> **TASK ITEM**
Write out the entire listing below exactly as it appears, minus any pictures.

> **GIVEN DATA**

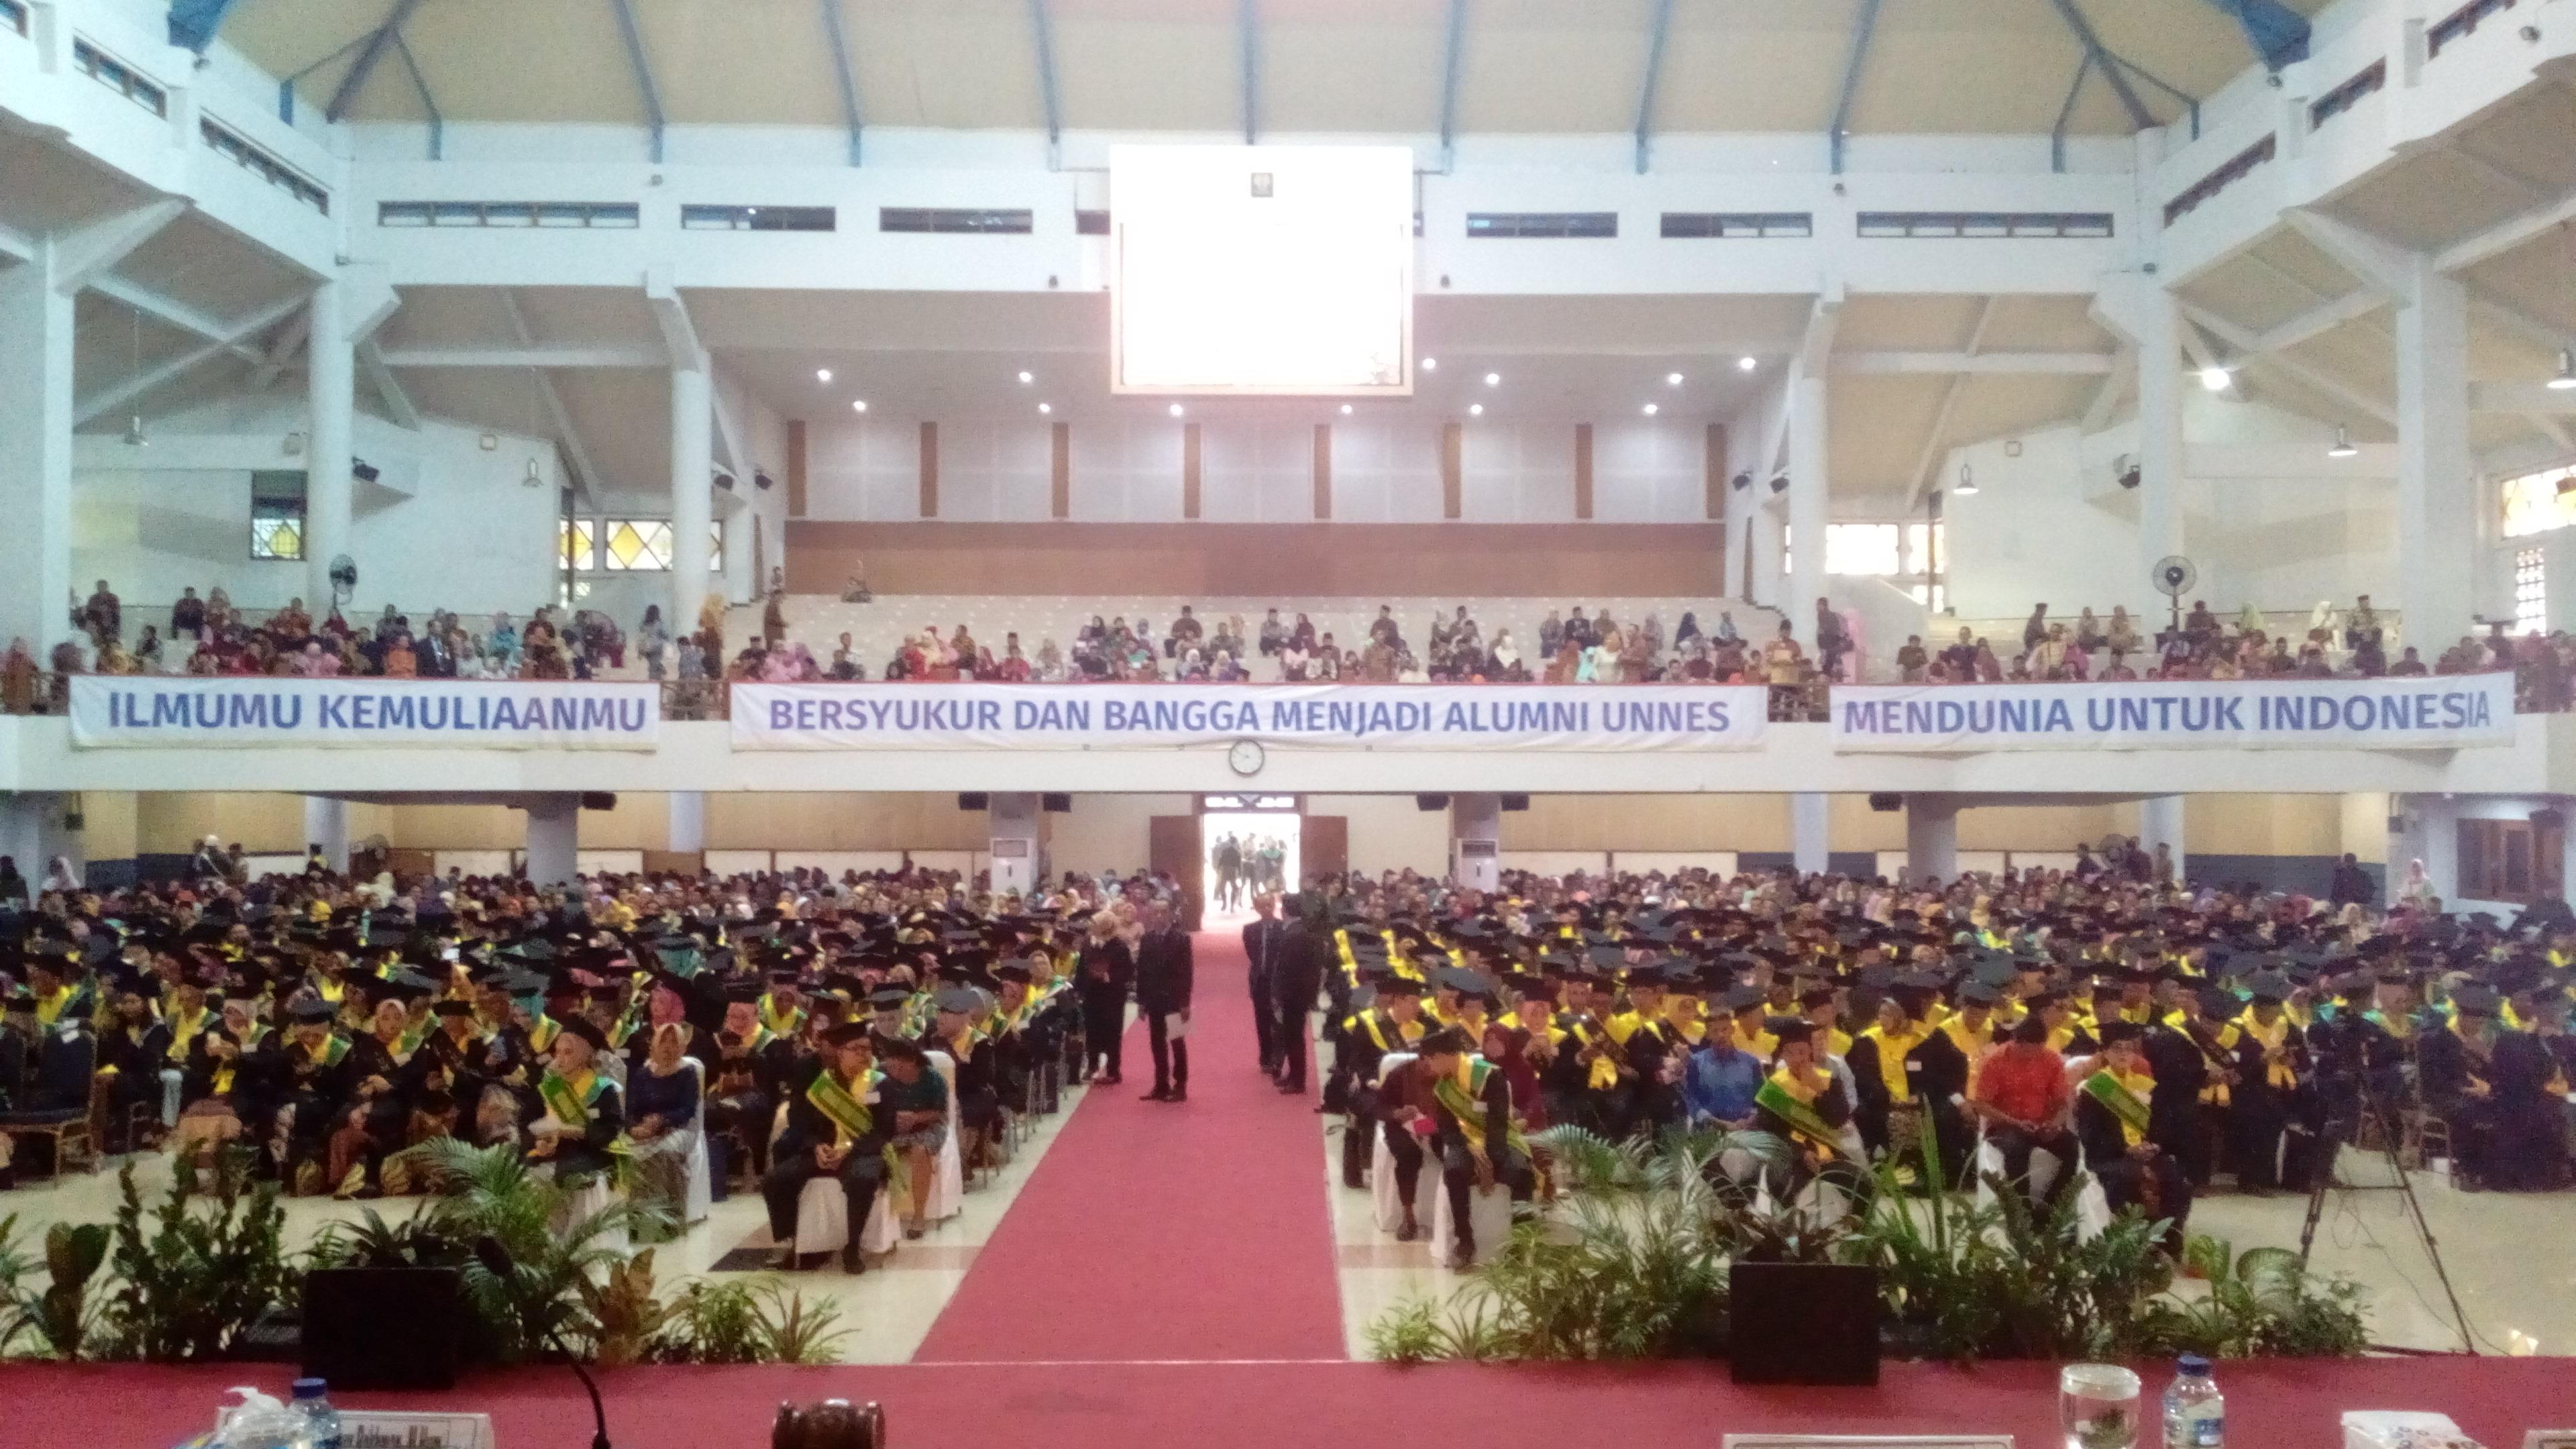 Ilmumu Kemuliaanmu, Mendunia untuk Indonesia, Tema  Wisuda Periode II 2019 UNNES
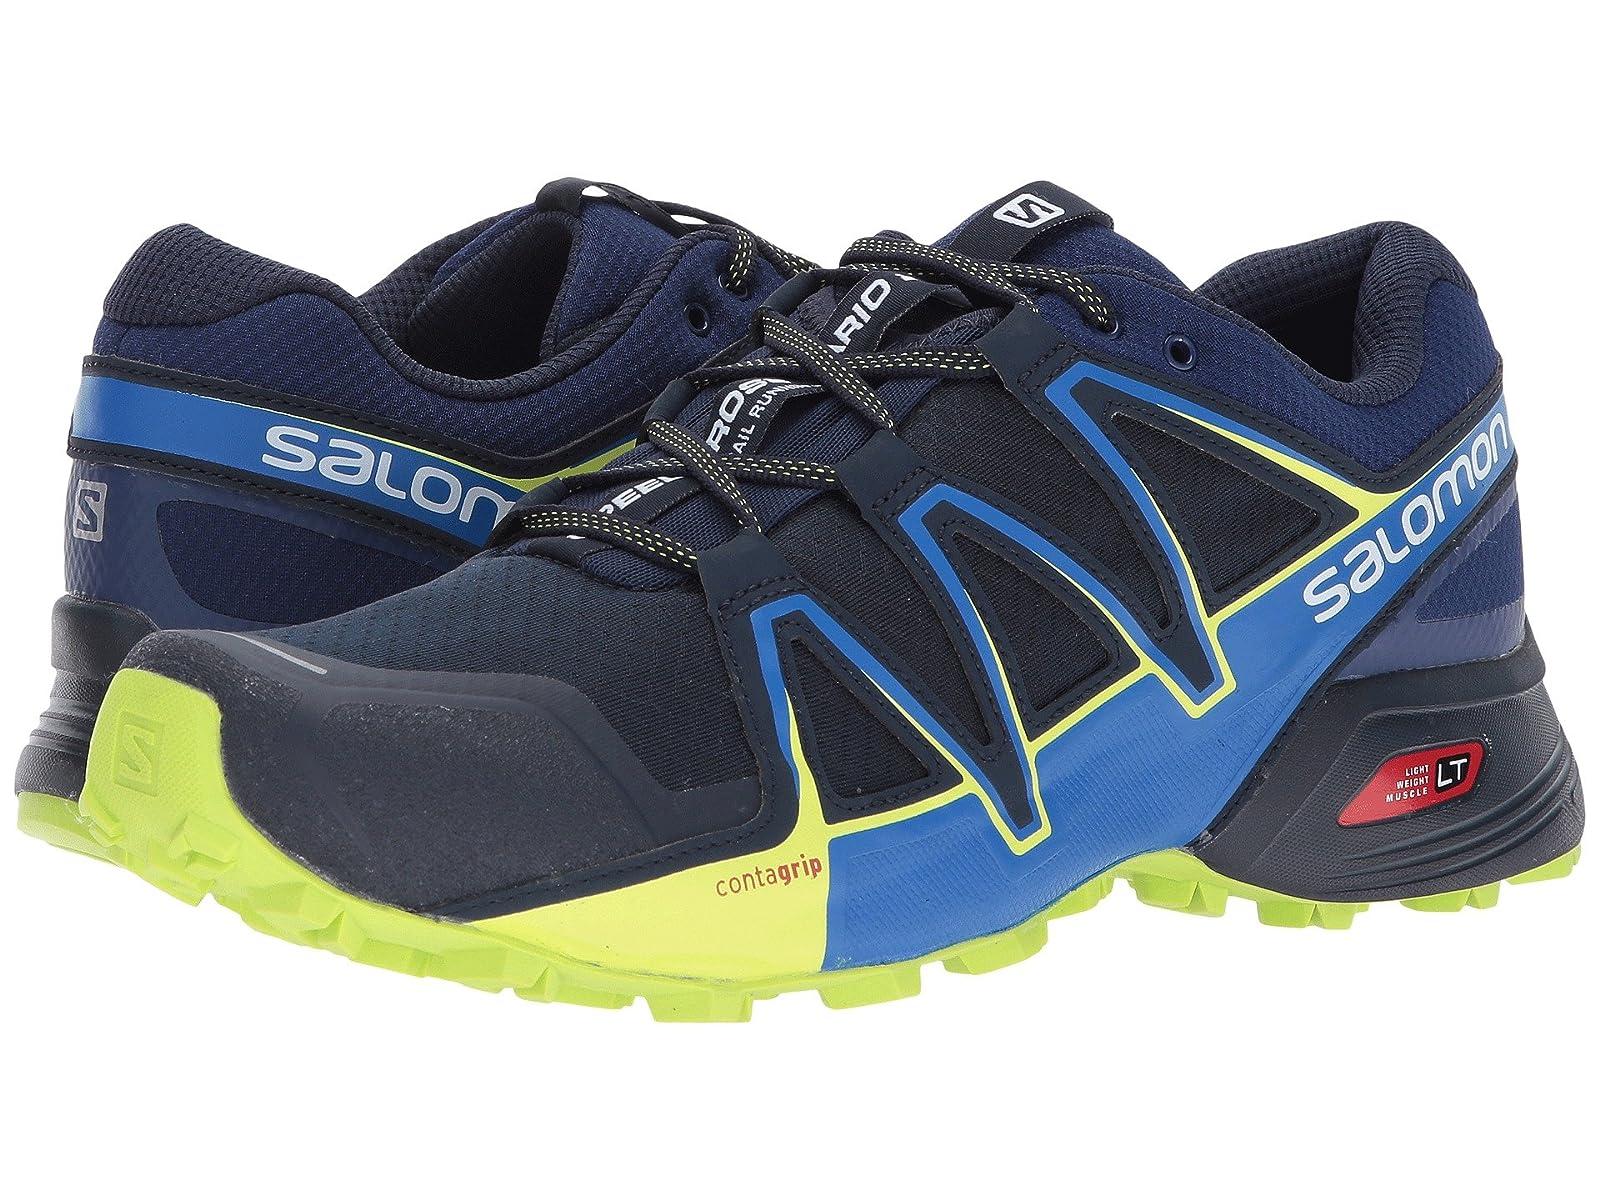 Salomon Speedcross Vario 2Atmospheric grades have affordable shoes
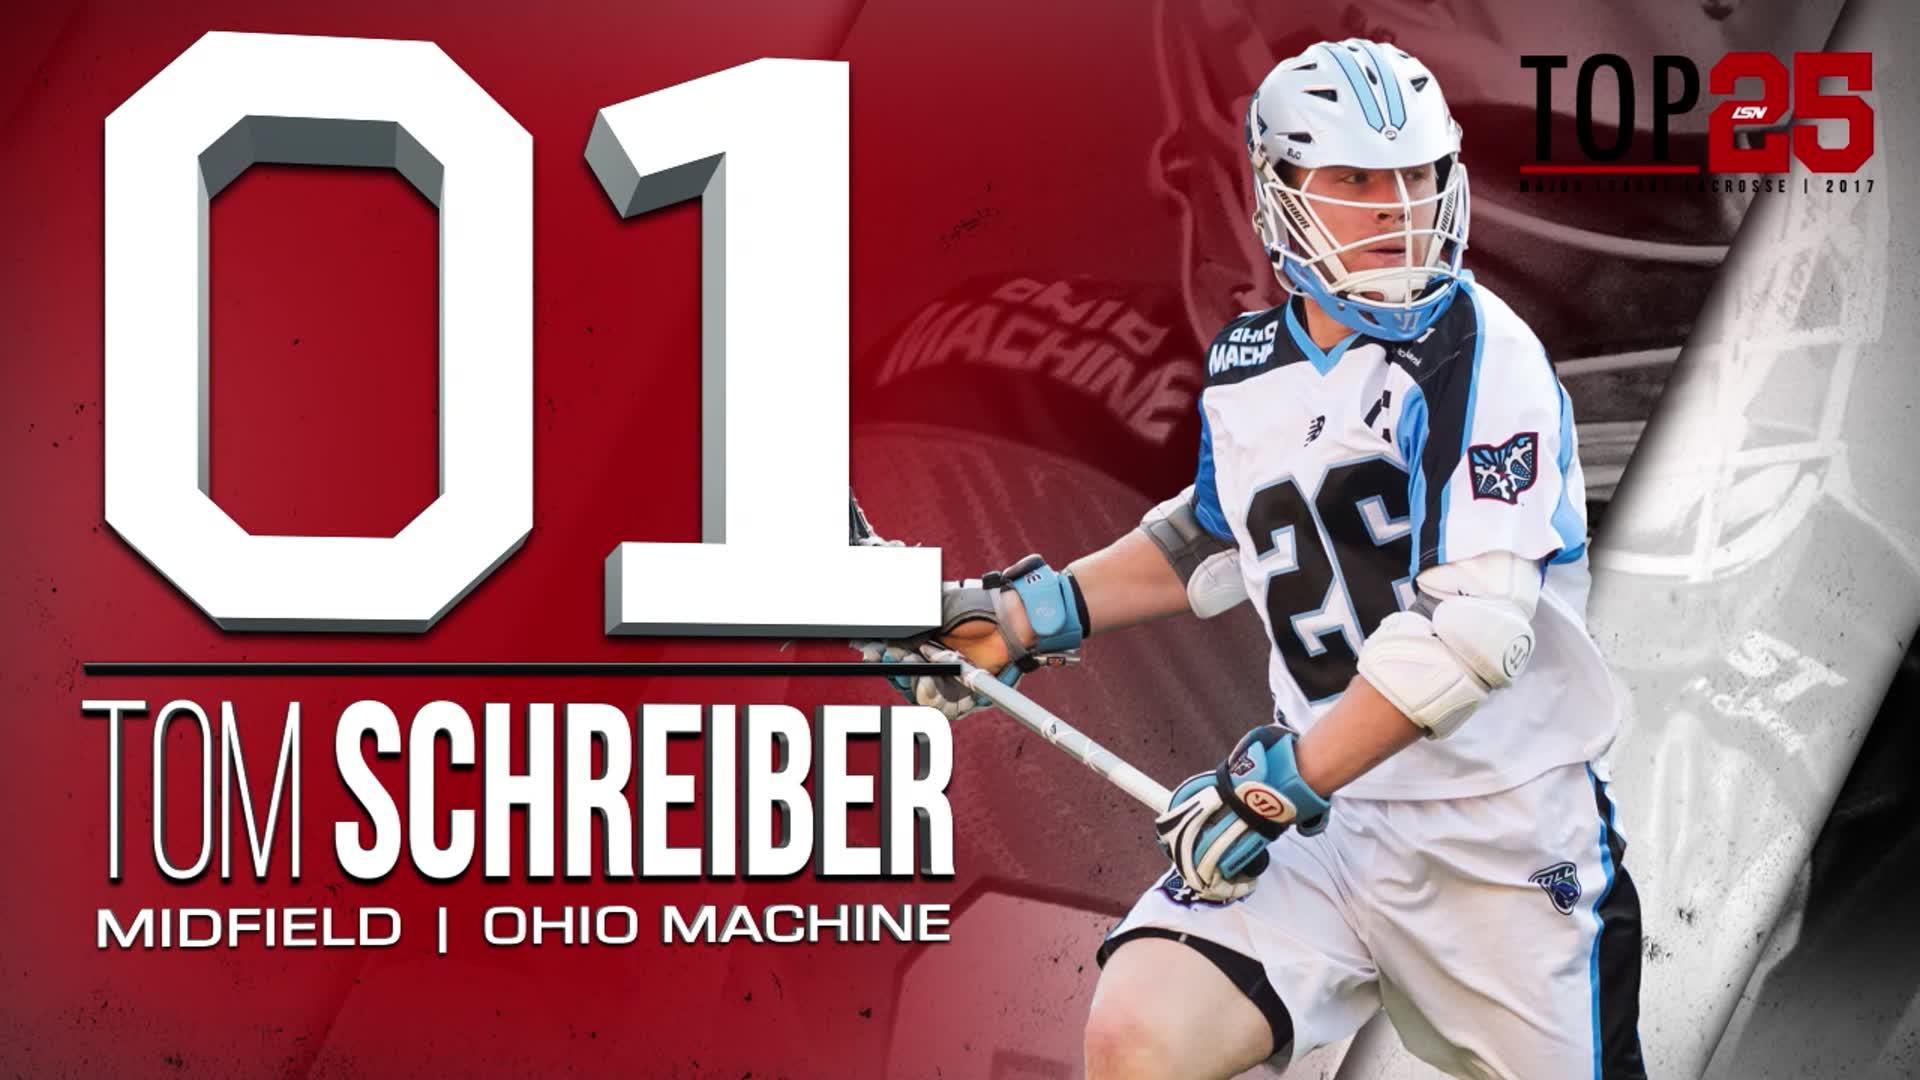 2017 #MLLTop25 Number 1 Tom Schreiber

> **REPLY TO THE TASK**
 Ilmumu Kemuliaanmu, Mendunia untuk Indonesia, Tema  Wisuda Periode II 2019 UNNES
 Salomon Speedcross Vario 2Atmospheric grades have affordable shoes
 2017 #MLLTop25 Number 1 Tom Schreiber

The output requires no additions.